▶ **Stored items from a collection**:
● ● ● ● ●
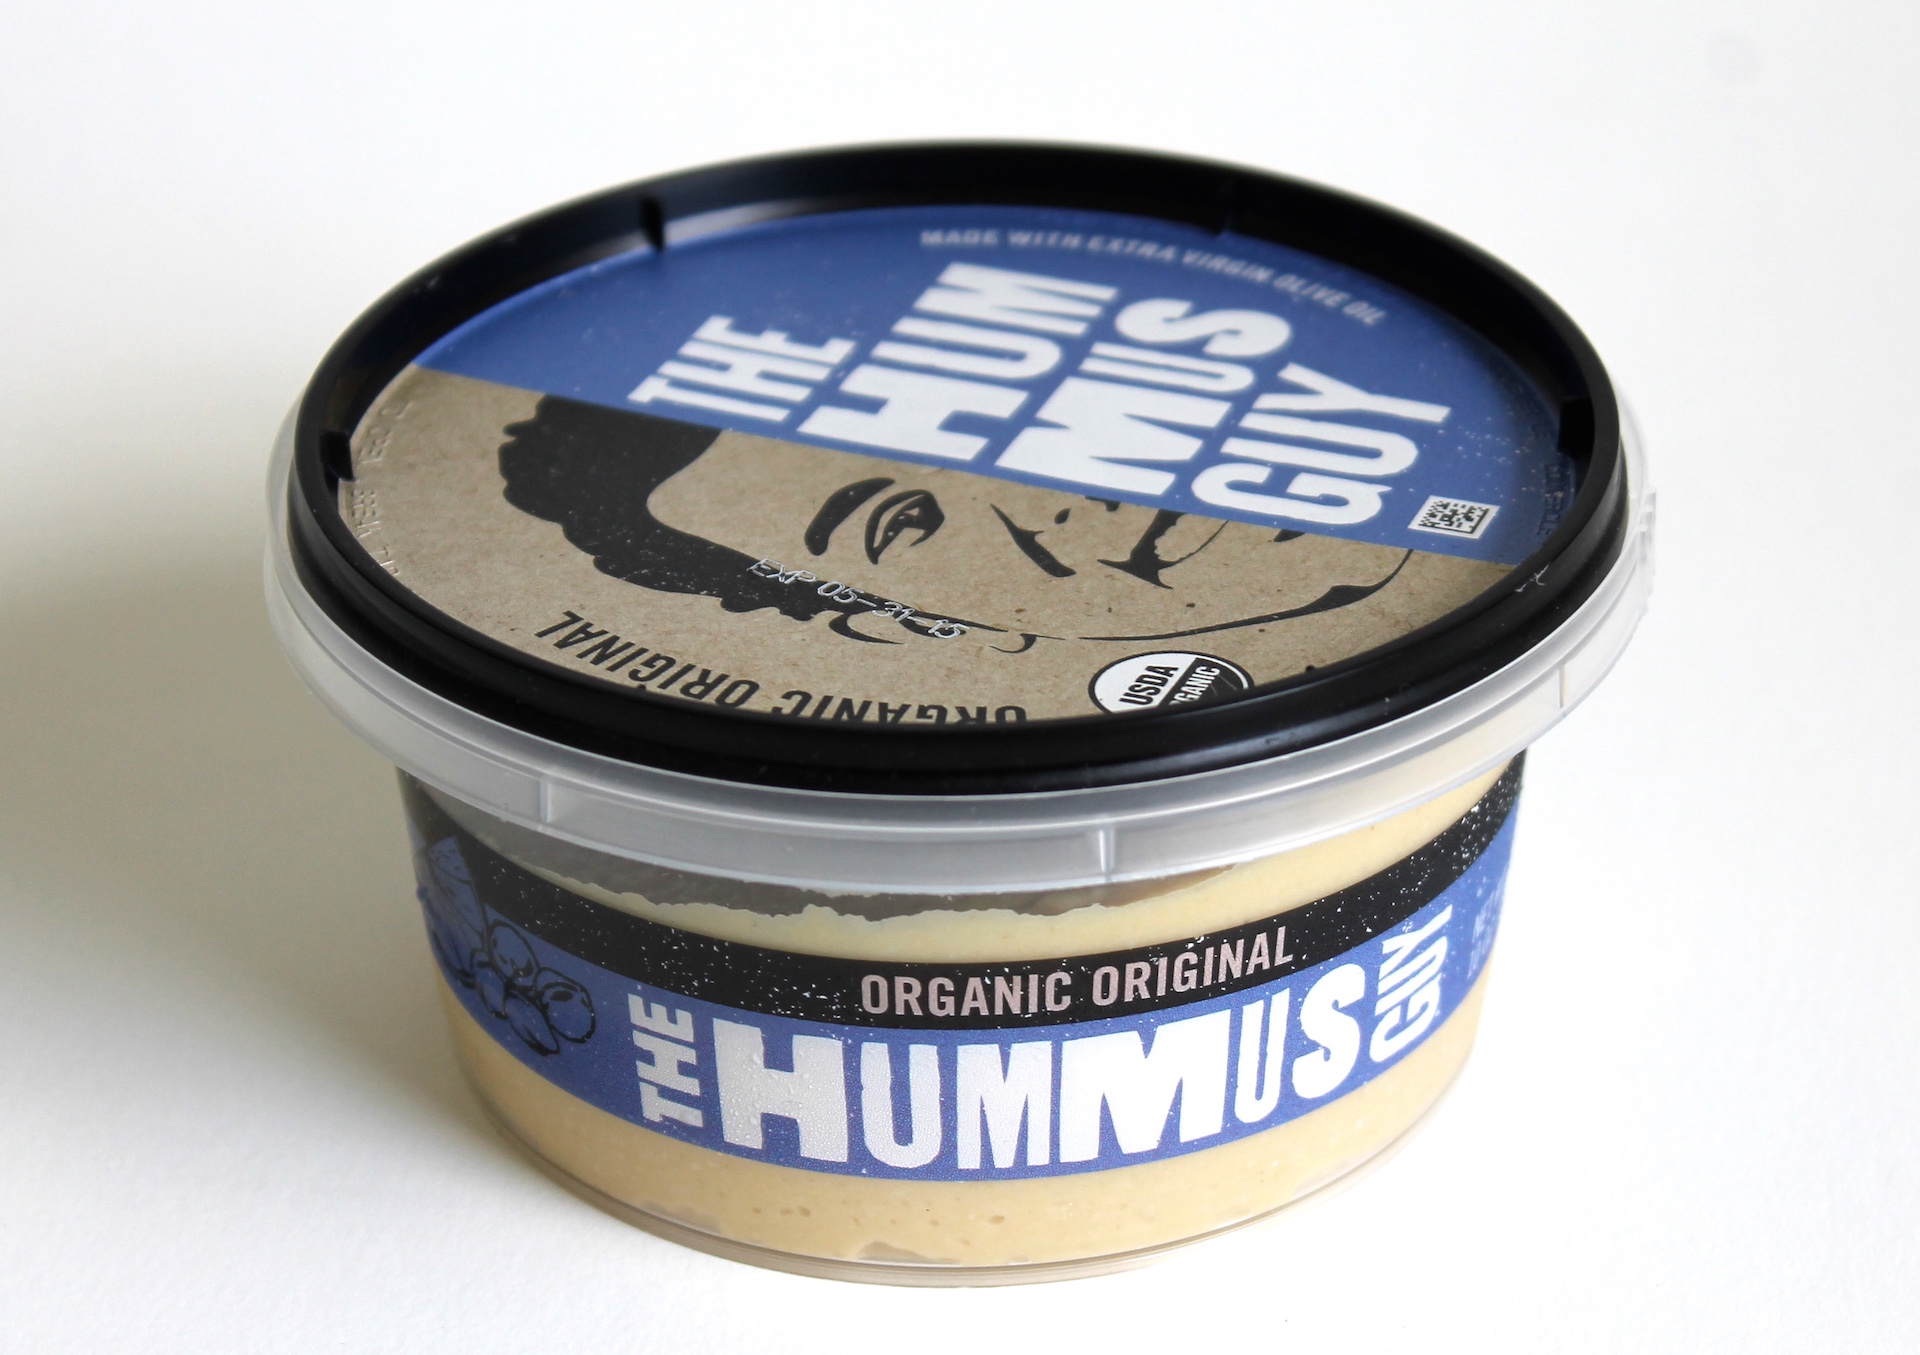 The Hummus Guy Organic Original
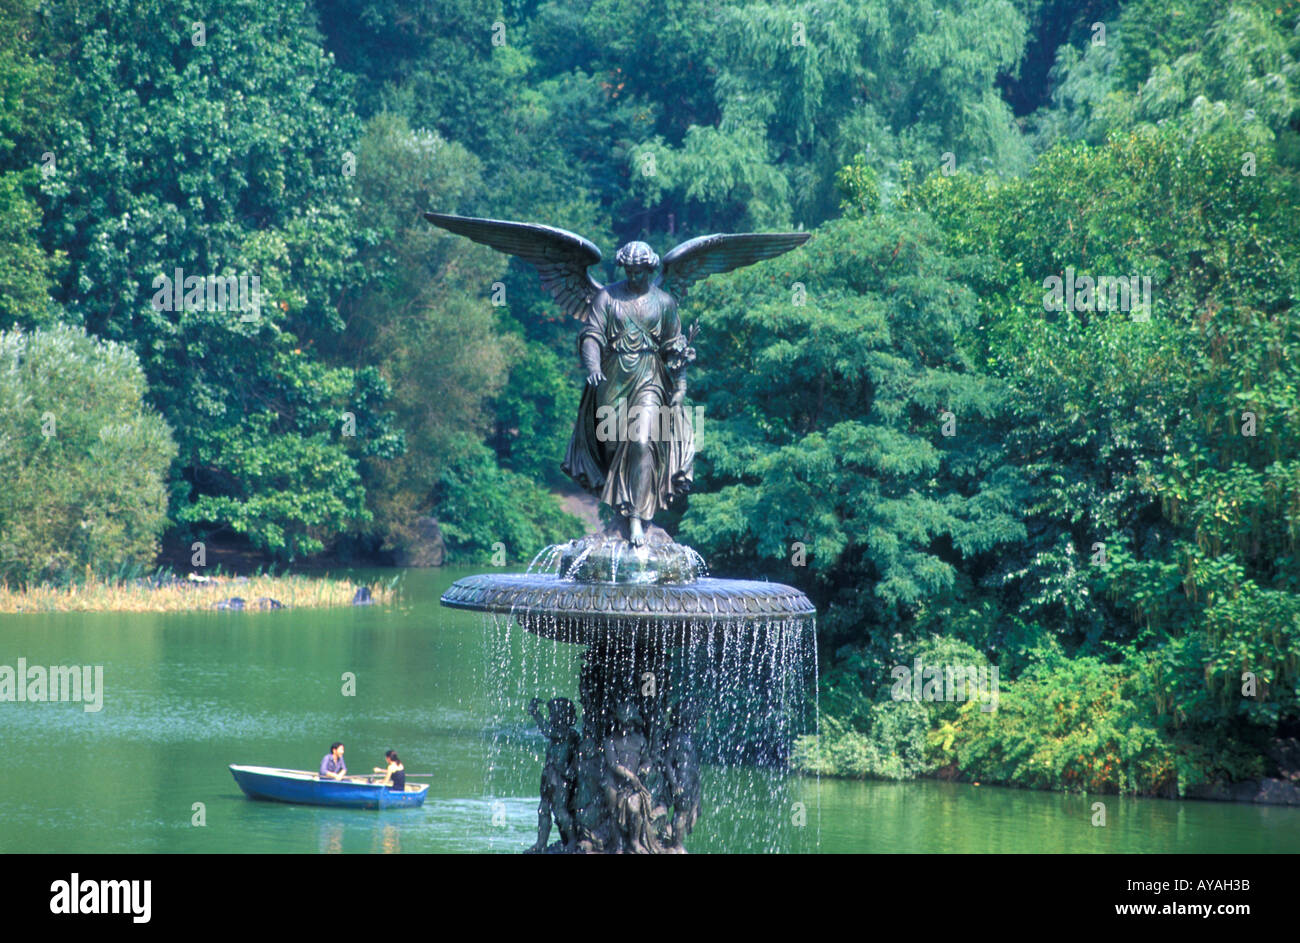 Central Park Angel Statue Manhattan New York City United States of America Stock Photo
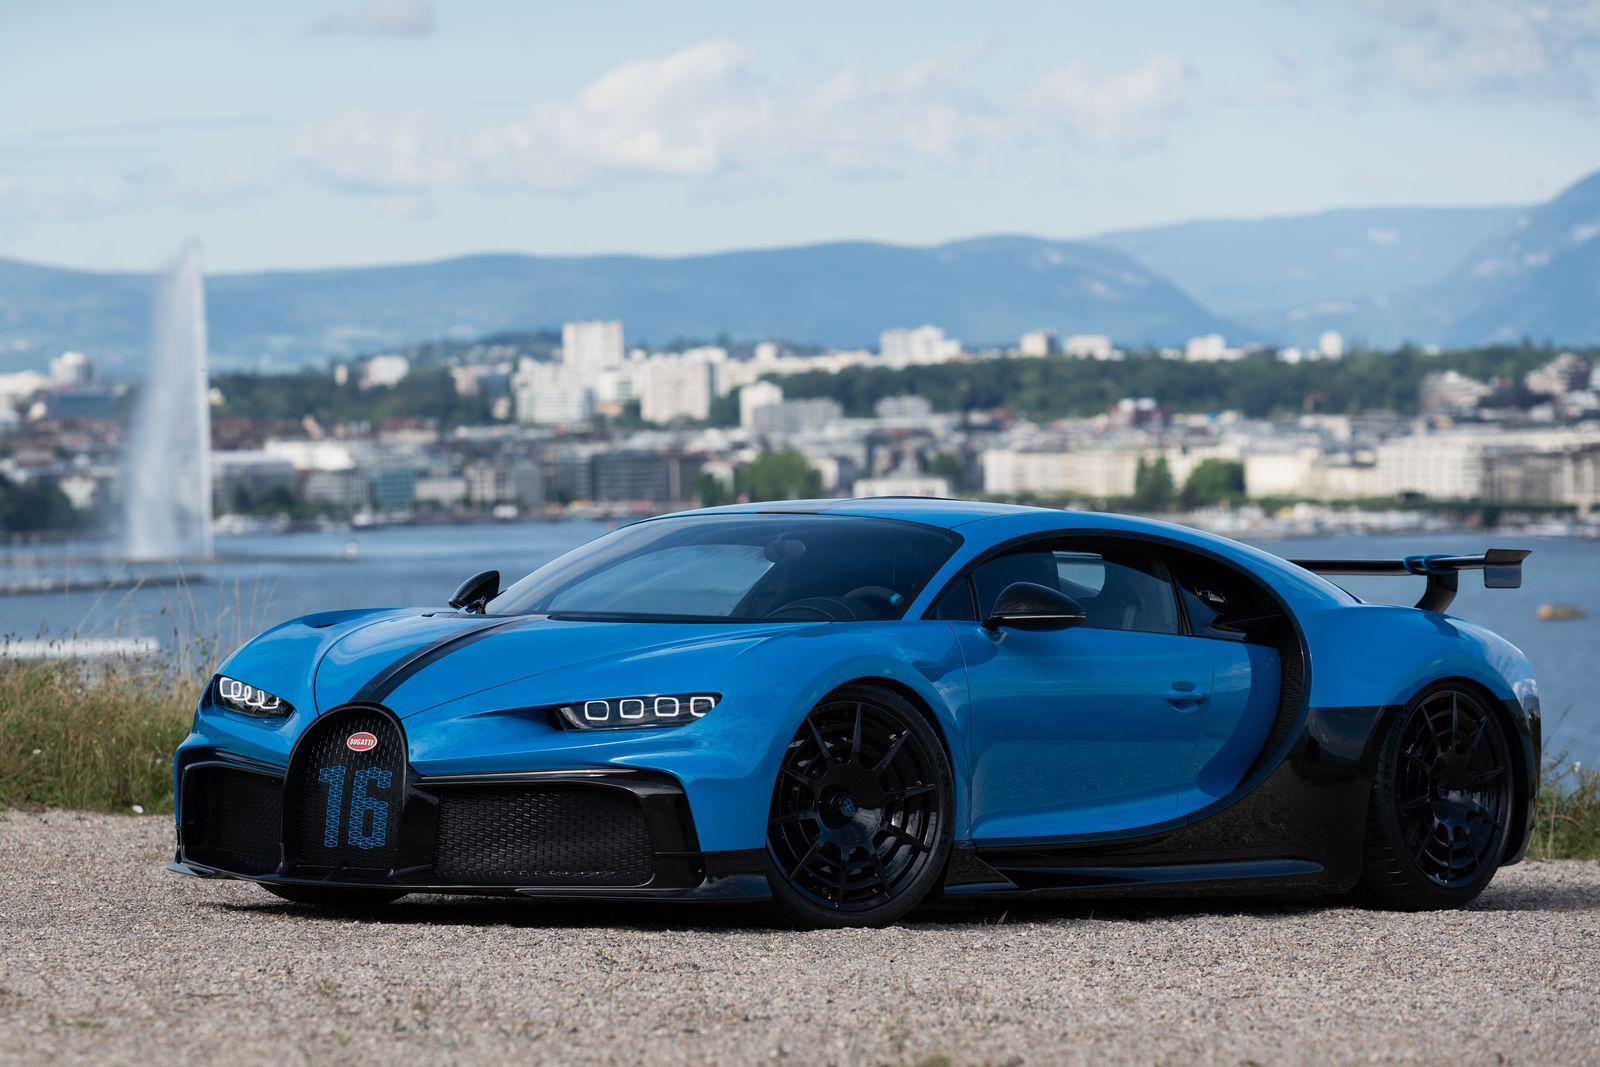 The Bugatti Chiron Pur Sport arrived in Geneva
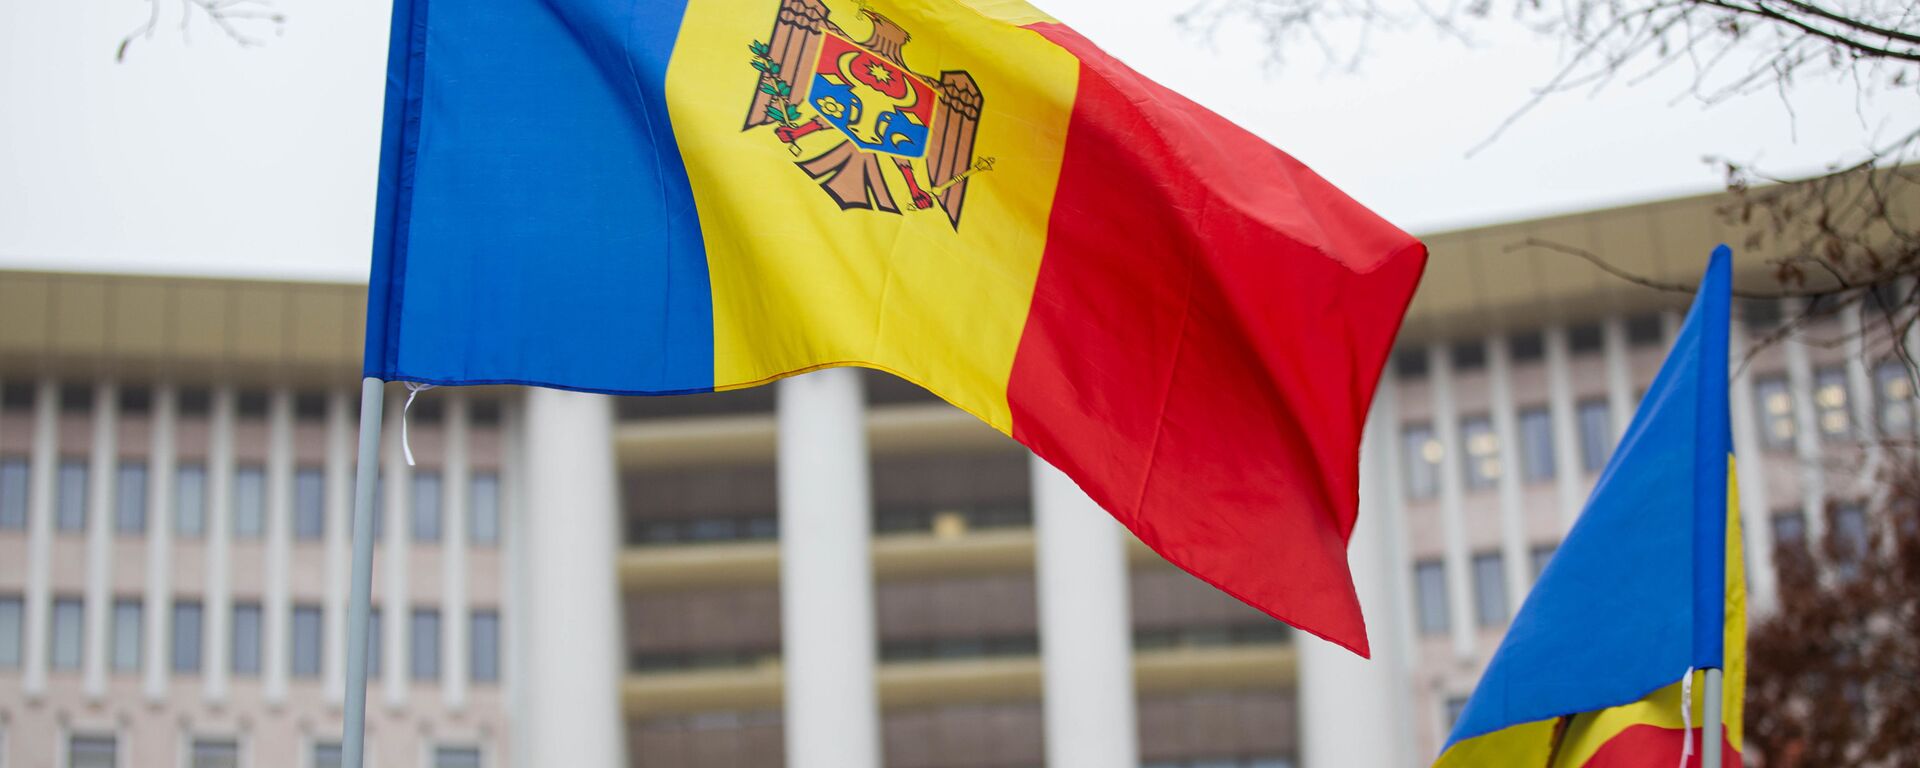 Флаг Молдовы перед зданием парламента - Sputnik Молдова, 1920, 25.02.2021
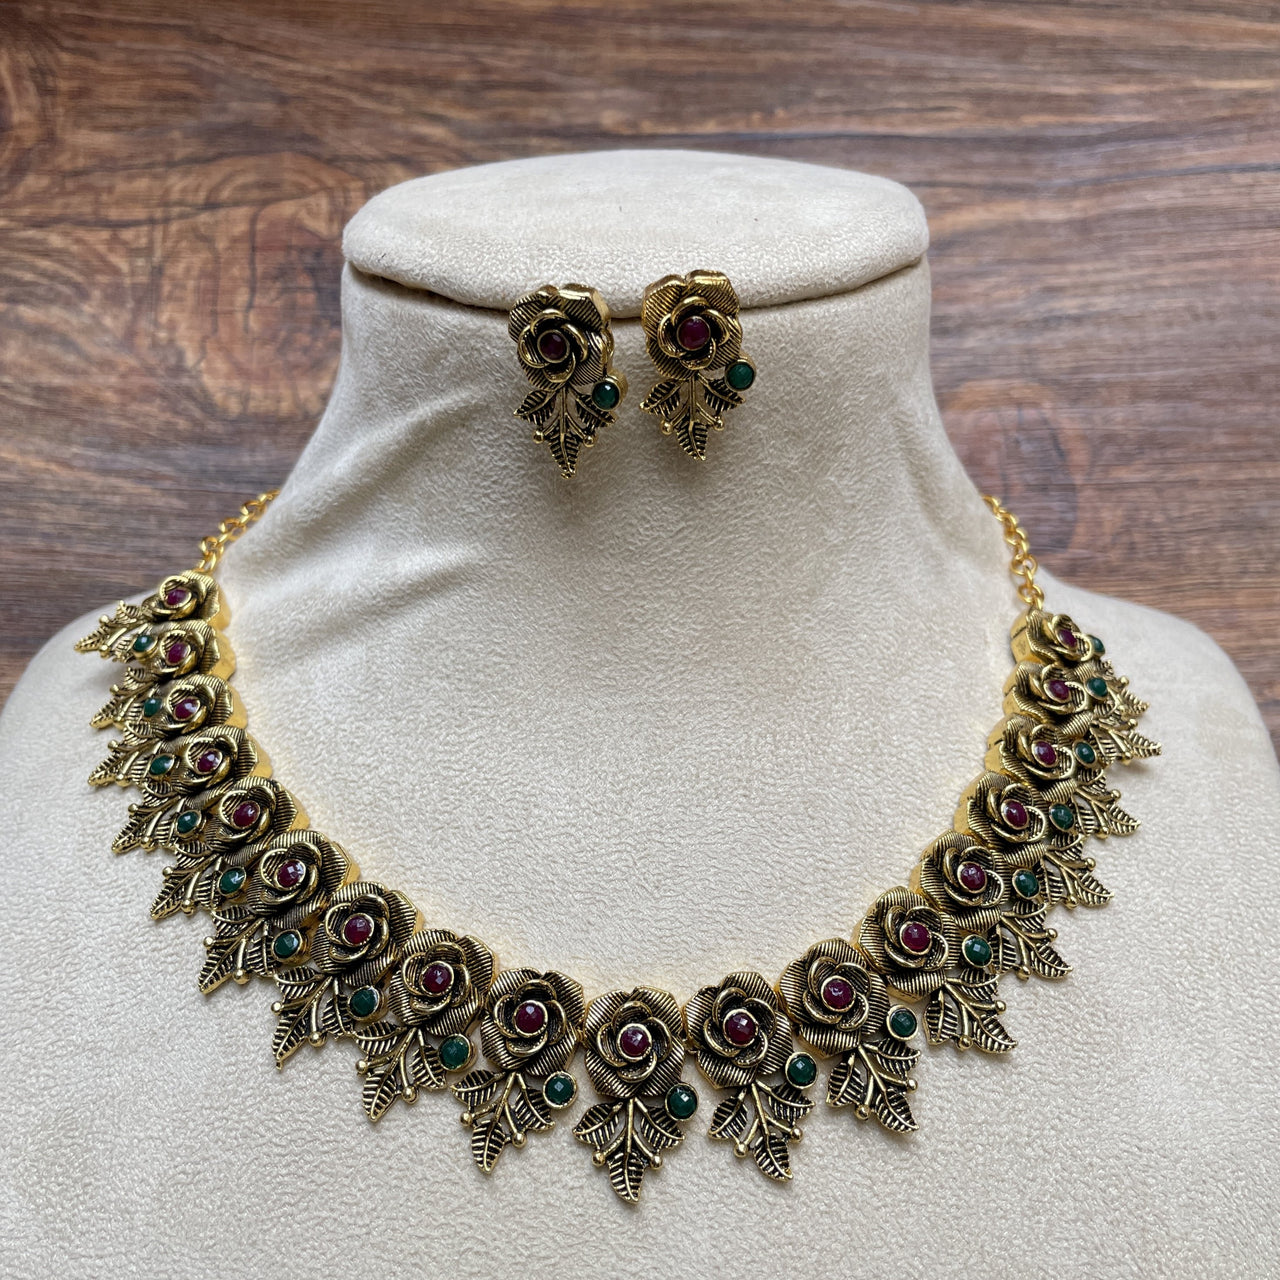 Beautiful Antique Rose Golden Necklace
● ● ● ● ●
▶ **DESCRIPTION OF THE TASK**:
Without the pictures, retype exactly the lines from the one that holds "The Bugatti Chiron" to the last line of the data above, both of them included.

▶ **SOLUTION FOR THIS PROBLEM**:
 The Bugatti Chiron Pur Sport arrived in Geneva
 Флаг Молдовы перед зданием парламента - Sputnik Молдова, 1920, 25.02.2021
 Beautiful Antique Rose Golden Necklace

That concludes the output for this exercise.